Fomivirsen (brand name Vitravene) was the first an antisense antiviral approved by the FDA to treat CMV in immunocompromised AIDS patients. It works by blocking translation of viral mRNA by binding to the complementary sequence of the mRNA transcribed from the template segment of a key CMV gene UL123, which encodes the CMV protein IE2.

Ribozyome Antivirals

Ribozyomes (ribonucleic acid enzymes) are RNA enzymes that catalyze biochemical reactions necessary for RNA splicing. Synthetic ribozyomes are used to cut apart viral DNA and RNA at specific sites in order to disable them.

There are currently ribozyome  antivirals being developed to treat HIV, and have been proposed for treatment of Hepatitis C.

Protease Inhibitors

Protease Inhibitors work by interfering with the enzymes that catalyze the breaking down (cleaving) of proteins by selectively binding to specific proteases, therefore preventing viral replication. Protease inhibitors were the second class of antiretroviral drugs developed.
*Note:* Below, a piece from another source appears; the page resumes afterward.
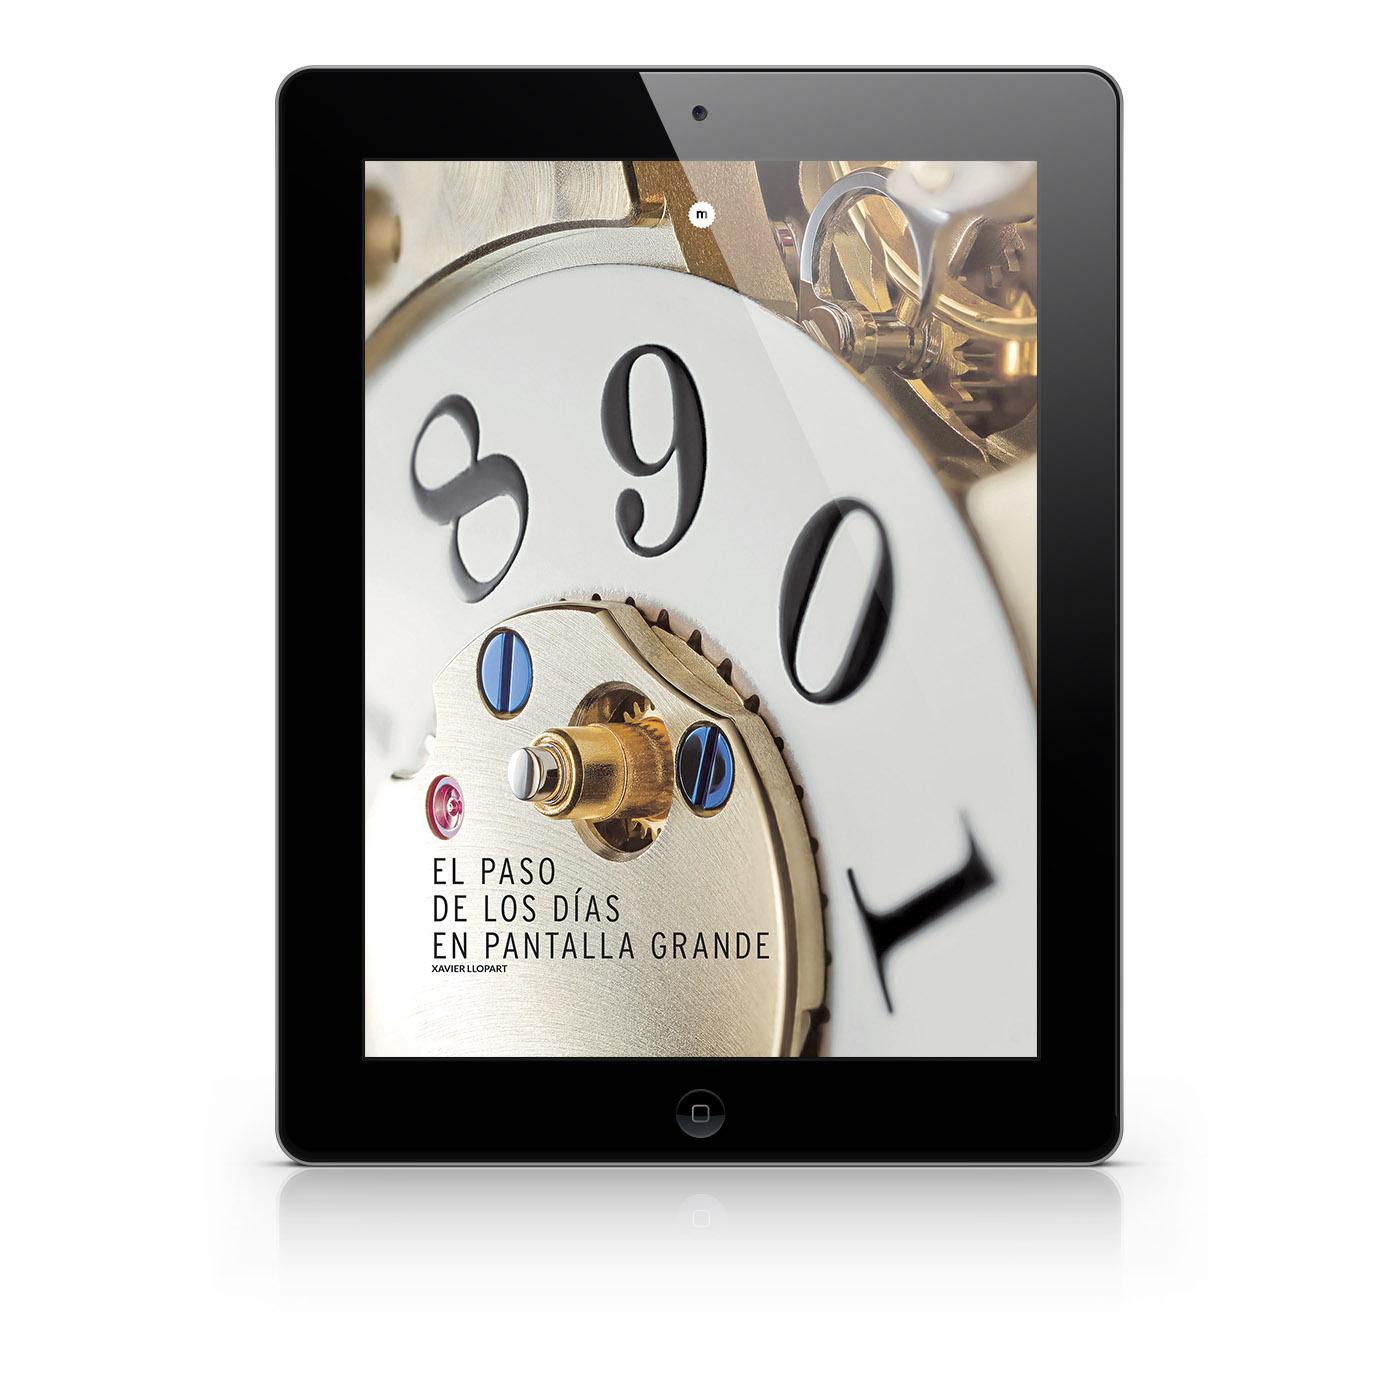 ipad-revista-digital-rellotge-disseny

Some of the most well-known antivirals used to treat HIV/AIDS and Hepatitis C are protease inhibitors. There are two main classes of protease inhibitors: antiretroviral HIV-1 protease inhibitors (class -navir), and Hepatitis C NS3/4A protease inhibitors (class -previr).

Saquinavir (brand names Invirase, Fortovase) was the first protease inhibitor approved by the FDA in 1995.

Paxlovid (Nirmatrelvir/ritonavir), an antiviral drug used to treat COVID-19, includes nirmatrelvir, a 3C-protease inhibitor that works by targeting coronaviral protease, and ritonvir, which inhibits the metabolism of nirmatrelvir.

Neurominidase Inhibitors

Neurominidase inhibitors prevent the release of influenza viral particles, by blocking an enzyme called neurominidase, which are most notably found on the surface of Influenza viruses. The enzyme cleaves the sialic acid which is found on glycoproteins on the surface of human cells that helps new virions to exit the cell.

Oseltamivir (brand name Tamiflu) works by preventing neuraminidase enzyme activity and thus prevents Influenza A and Influenza B viral particles from being released.

Zanamivir (brand name Relenza) works by binding to the active site of the neuraminidase protein, rendering the influenza virus unable to escape its host cell and infect others.